What went well and what surprised you when you sold the hardware company that you founded and ran for four years?
Lessons from my First Exit · mtlynch.io
https://mtlynch.io/lessons-from-my-first-exit/
Lynch cited investment in documentation as one of the measures that worked well. According to Lynch, he created a playbook in the Notion workspace to systematize the procedures for team onboarding and daily work. This made the handover to the new owner extremely smooth, and only about 25 hours of the planned 80 hours of consulting time were actually required. Lynch also said that cooperation with the brokerage firm was key to success. Although the commission was high at 15% of the sale price, he said that it was valuable assistance in finding the right buyer and facilitating the transaction.
In addition, Lynch said that it was also a wise decision to avoid paying the sale price in installments. He was advised by a business owner he knew that if he accepted installment payments, he would essentially be working for the buyer, which would make it difficult to legally collect if he defaulted on his loans. Lynch also cited the fact that he did not have the tools or experience to collect on the loan if he defaulted on it.
However, Lynch also found many areas that could have been improved. For example, he reflected that the company should have offered incentives to buyers who chose to pay in cash up front, as the due diligence process took three months and took time away from focusing on the business.
Lynch also said that key contract clauses should have been negotiated before due diligence began, and that the first draft of the contract was only seen five weeks after due diligence began, leaving the company with less negotiating power after a significant time investment.
Another issue was informing the team about the sale. Lynch notified the team when he signed with the broker, six months before closing , but this created some management challenges. 'If there's a next time, I think we should wait to notify them until the sale is certain,' Lynch said.
And Lynch shares some rather negative experiences with Google: While TinyPilot used Google Cloud Platform (GCP) for some of its services, these were set up as dedicated projects in Lynch's personal Google account.

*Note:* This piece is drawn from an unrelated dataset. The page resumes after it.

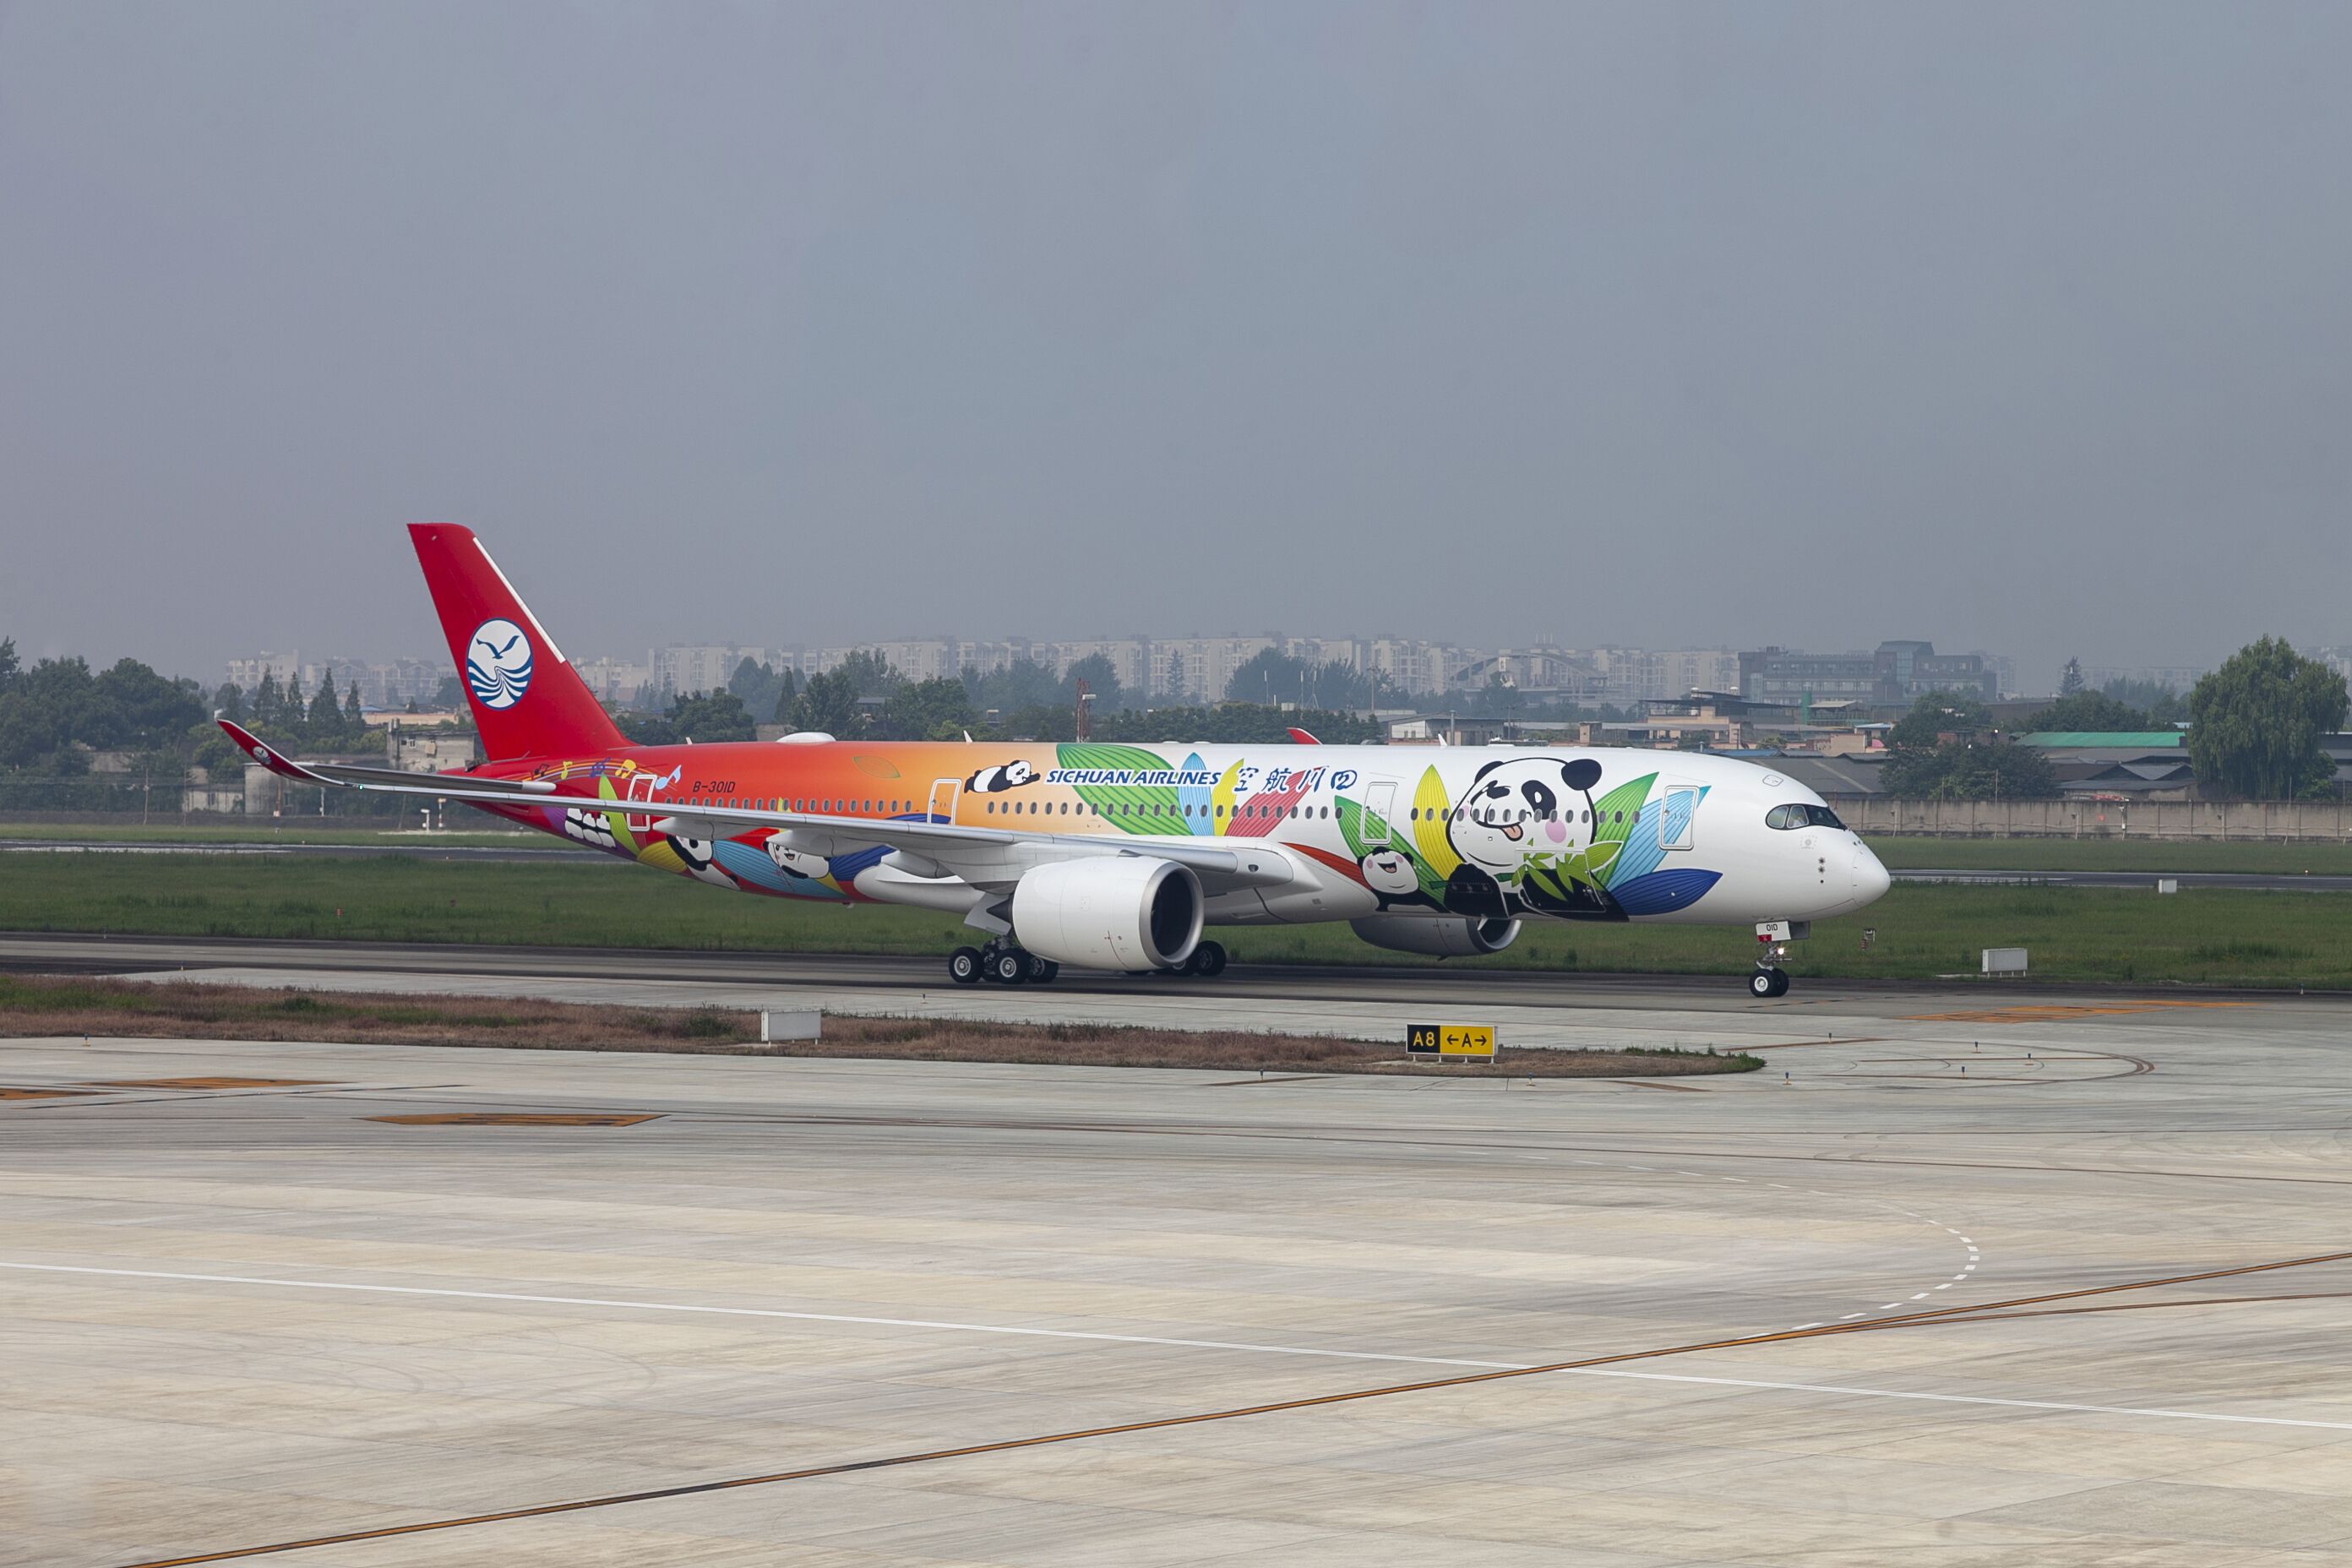 历时10小时的空中飞行,四川航空首架身披熊猫彩绘新装的空客a350飞机

There was a 'Migrate' button on the GCP project settings page, but when I actually clicked it, I found that I couldn't migrate the project. Even after checking Google's official documentation, the project migration procedure was complicated and contained inaccurate information. In the end, I found that both the new owner and the project owner had to create paid Google Workspace accounts and go through a complicated migration process. The same problem occurred with documents and notes stored in Google Drive.
In the end, the new owners decided that the formal migration process was too cumbersome and decided to export what they could and delete the rest. From this experience, Lynch emphasizes that we should further reduce our reliance on Google, both personally and professionally.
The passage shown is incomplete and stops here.